In December 2024, the Consumer Financial Protection Bureau (CFPB) finalized a rule that closes a loophole exempting overdraft loans from lending laws, a major step in the CFPB’s efforts to curb junk fees.
For decades, overdraft loans have not only added billions of dollars to consumer costs but have also caused tens of millions of consumers to lose access to banking services and be faced with negative credit reporting. Starting October 2025, the CFPB’s new rule requires financial institutions with over $10 billion in assets to either: 1) cap their overdraft fees at $5; 2) cap their fee at an amount that covers their costs and losses; or 3) comply with the requirements regulating other loans, including providing consumers a choice to open an overdraft line of credit, providing disclosures that would allow comparison shopping, and sending periodic statements. The CFPB estimates that this new rule will provide up to $5 billion in annual overdraft fee savings to consumers.
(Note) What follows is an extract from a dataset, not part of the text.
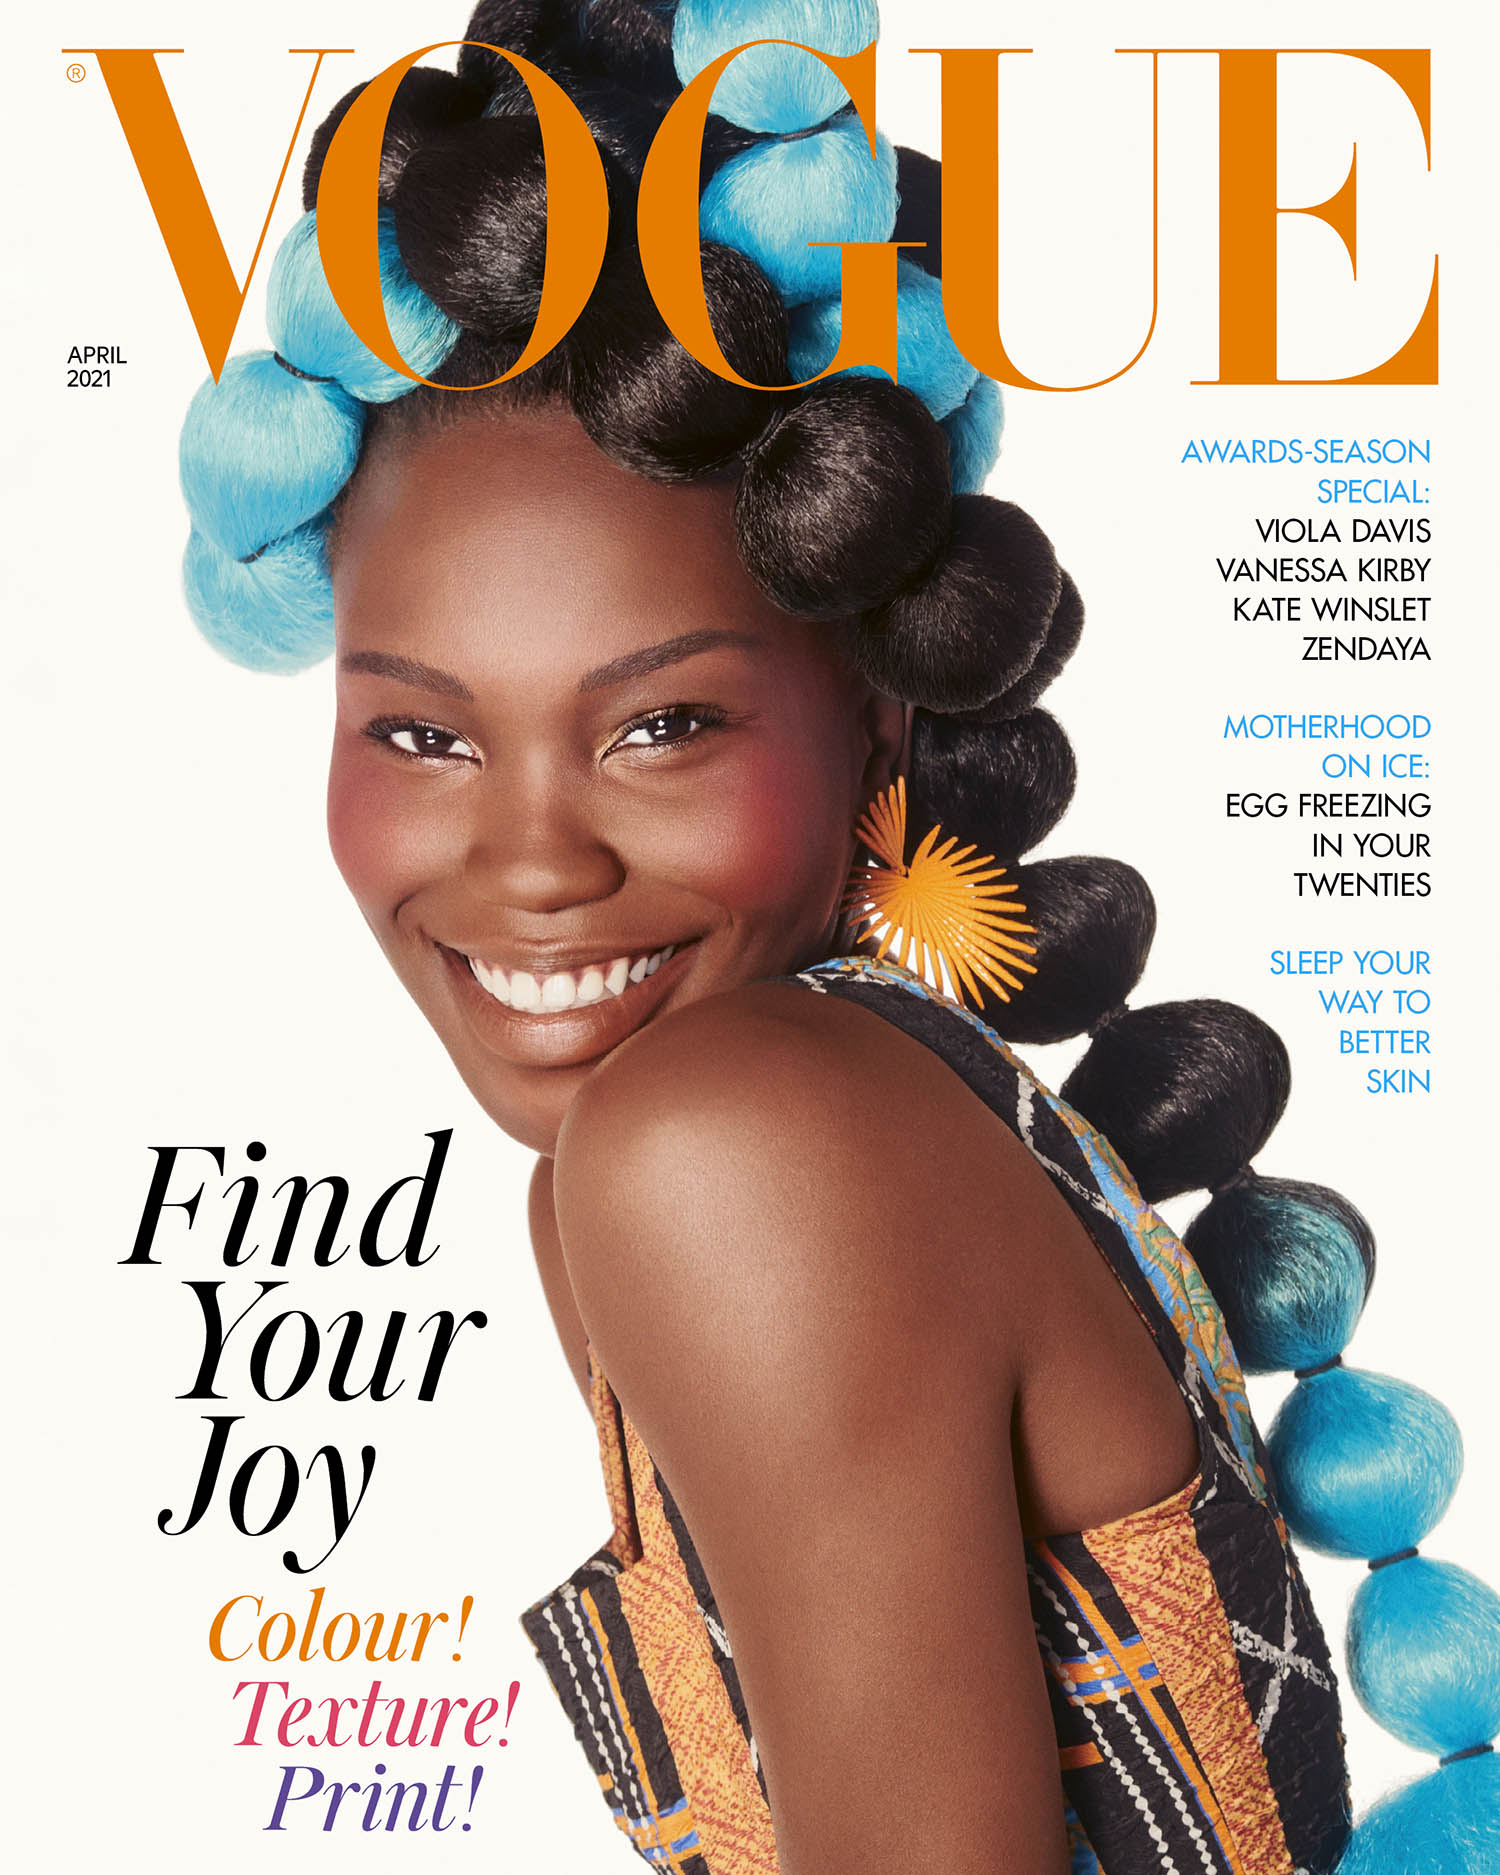 British Vogue April 2021 covers by Steven Meisel

This rule marks a major step in the CFPB’s broader efforts to eliminate junk fees, which has included enforcement actions against large financial institutions as well as rulemaking. Since announcing this initiative, the CFPB has caused financial institutions to refund consumers hundreds of millions of dollars in unlawful fees and multiple banks have reduced or eliminated overdraft fees, saving consumers over $6 billion annually.